Find the distance between the midpoints of line AC and line CB. Show work
2006-10-24 11:10:12 · 5 answers · asked by Anonymous in Science & Mathematics ➔ Mathematics
ah goodness me , am last one again .
■ Step 1
Midpoint of AC =( x A + x C ) / 2 = 2 + 8 / 2 = 10 / 2 = + 5
Midpoint of AC = ( y A + y C ) / 2 = 16 + 0 / 2 = 16 / 2 = +8
Let X1 = + 5
Let Y1 = + 8
( 5 , 8 )
■ Step 2
Midpoint of CB = ( x C + x B ) / 2 = 8 + 32 / 2 = 40 / 2 = +20
Midpoint of CB = ( y C + y B ) / 2 = 0 - 64 / 2 = -64 / 2 = - 32
Let X2 = + 20
Let Y2 = - 32
( 20 , -32 )
■ Step 3
Distance Formula = √ [ ( x2 - x1 ) ² + ( y2 - y1 )² ]

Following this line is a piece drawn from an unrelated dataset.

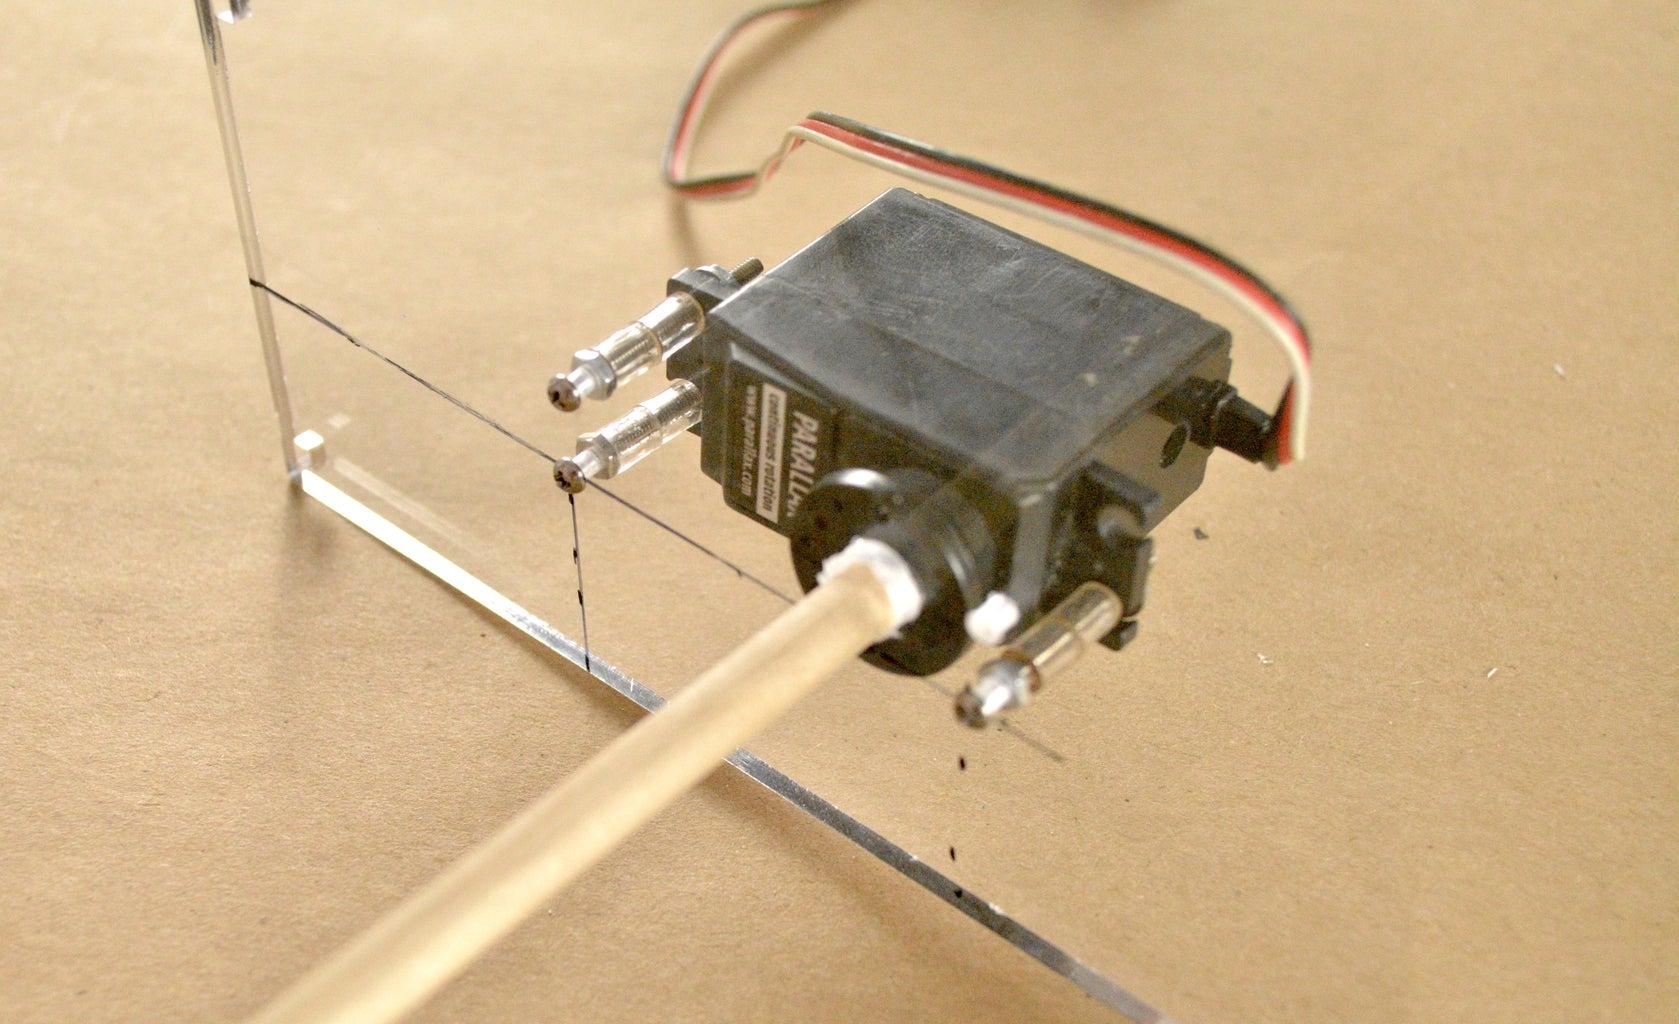 Attach Motor and Arduino
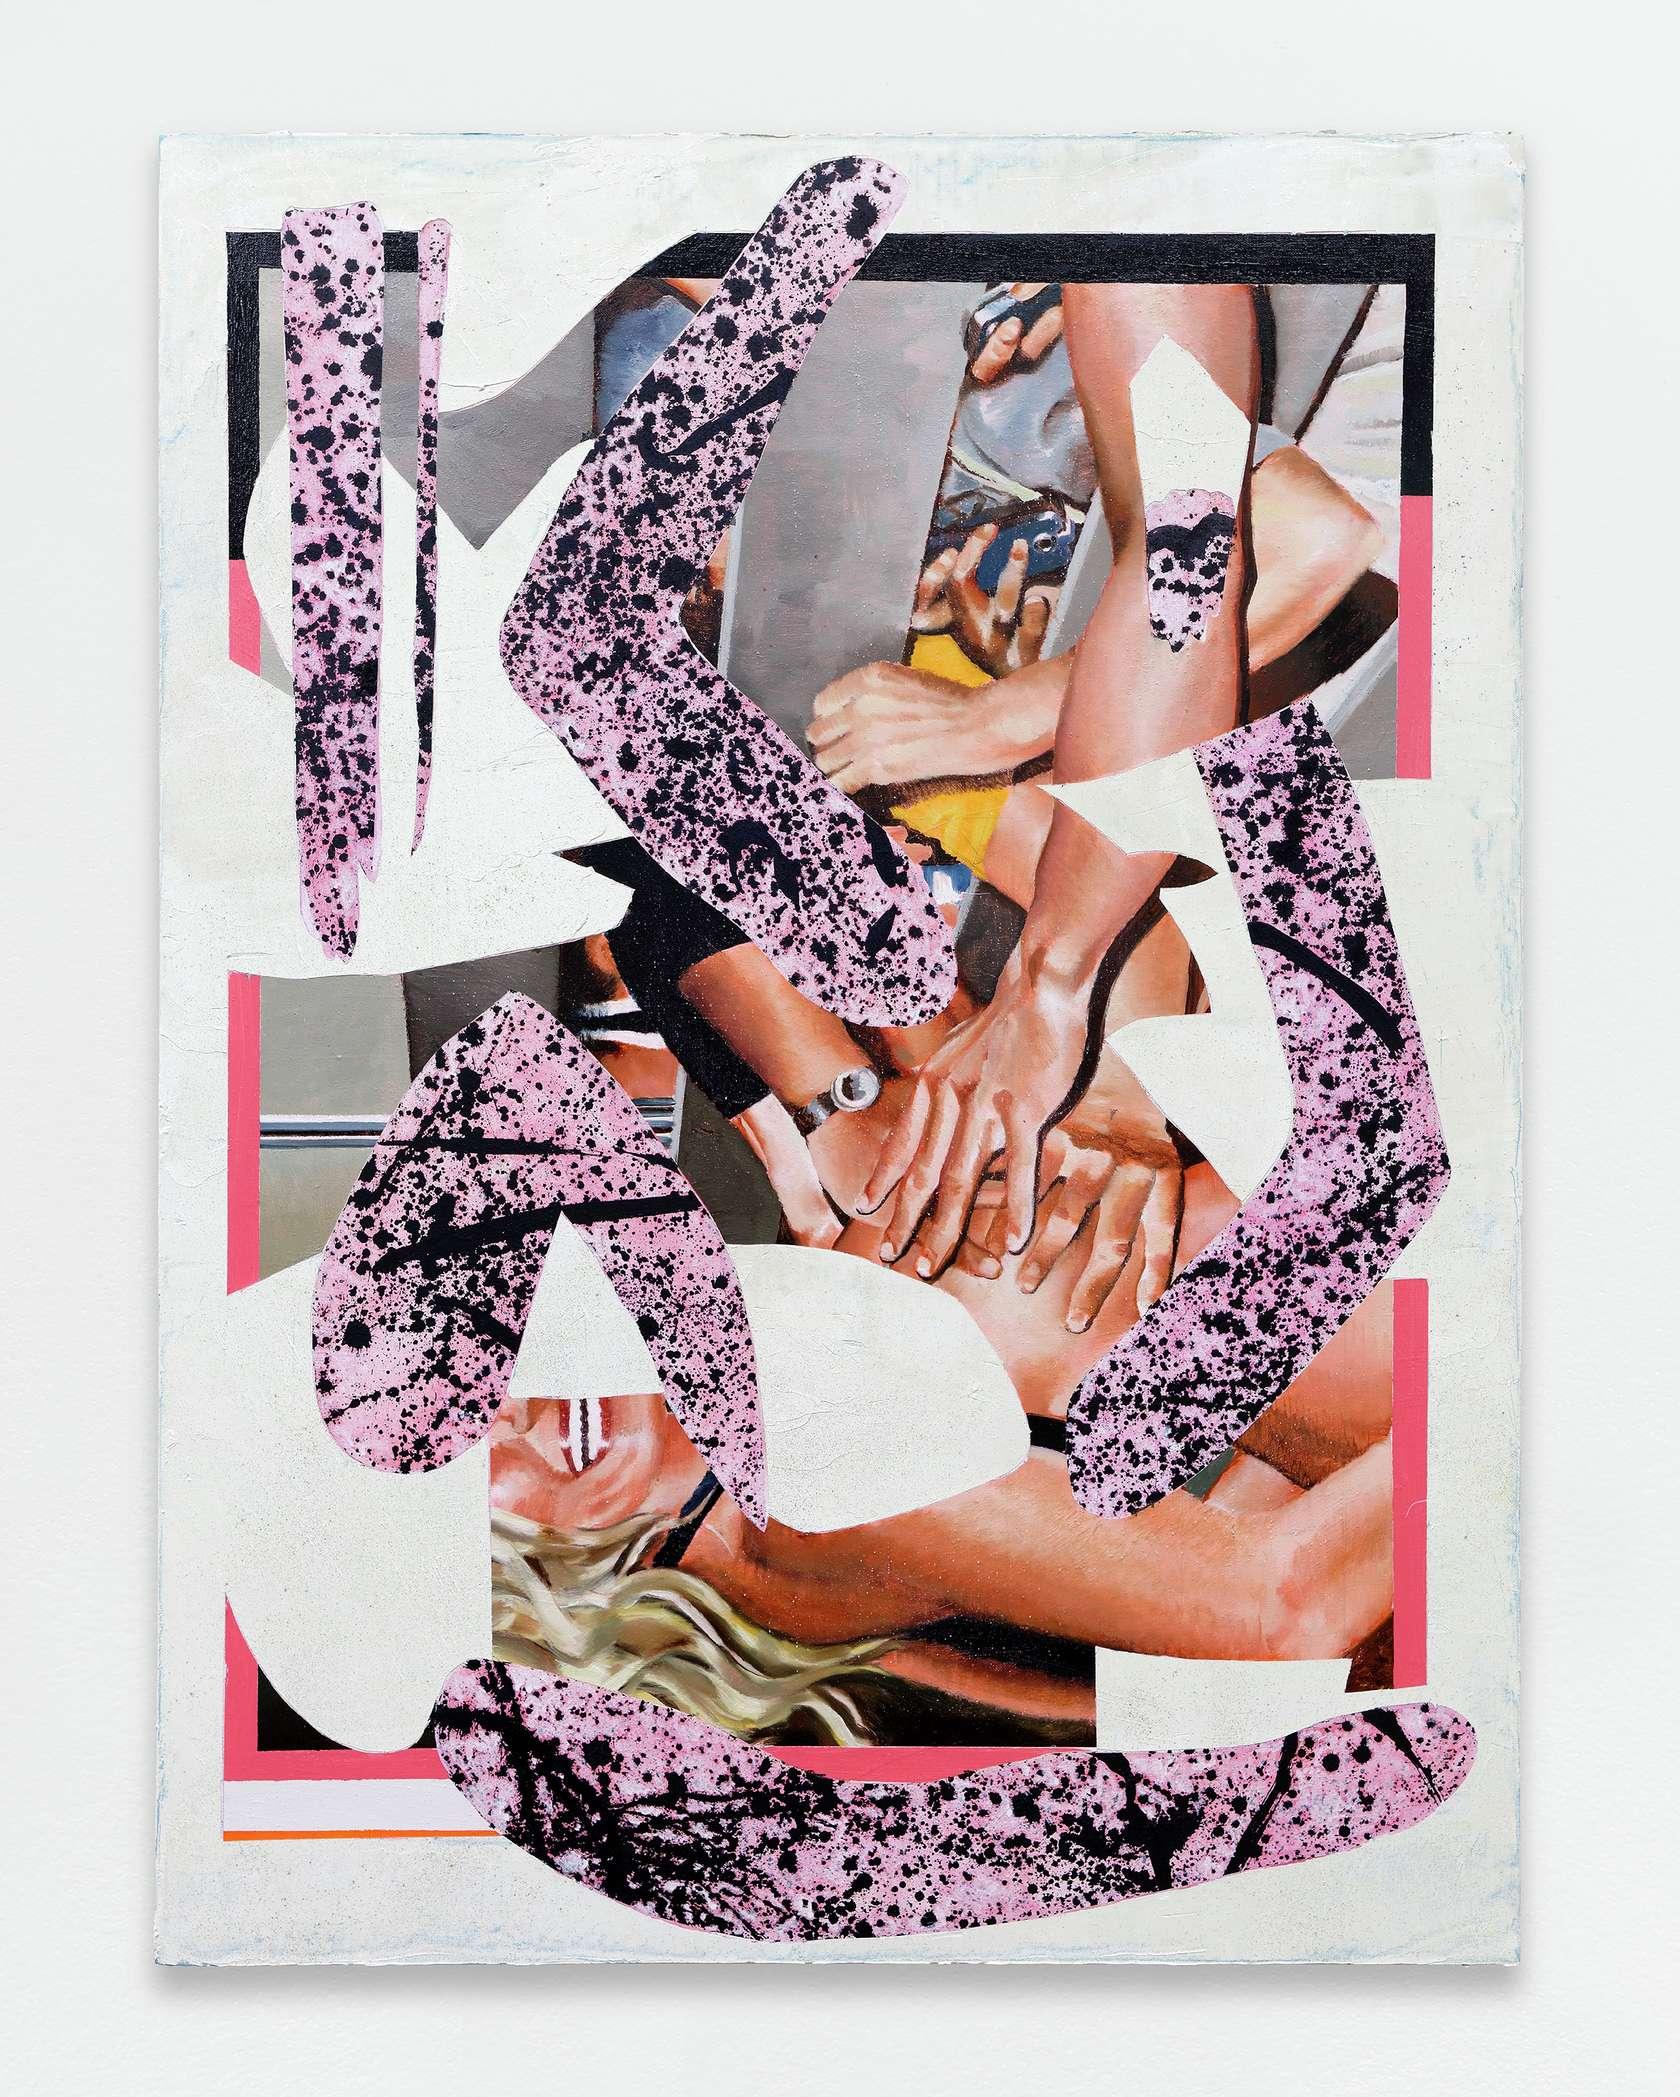 Laurent Proux, Pulp II, 2017 Huile sur toile130 × 97 cm / 51 1/8 × 38 2/8 in.

D = √ [ ( 20 -5) ² + ( -32 - 8 )² ]
D = √ [ ( 15 ) ² + ( -40 )² ]
D = √ [ 225 + 1600 ]
D = √ [1825 ]
D = + 42.72
Good Luck dear ♣
2006-10-26 11:55:50 · answer #1 · answered by sweetie 5 · 6⤊ 0⤋
First find the midpoints. The coordinates for the midpoints of a line segment would be (x1+x2)/2 , (y1 + y2)/2. For |AC, that would be (5,8). For |CB that would be (20, -32).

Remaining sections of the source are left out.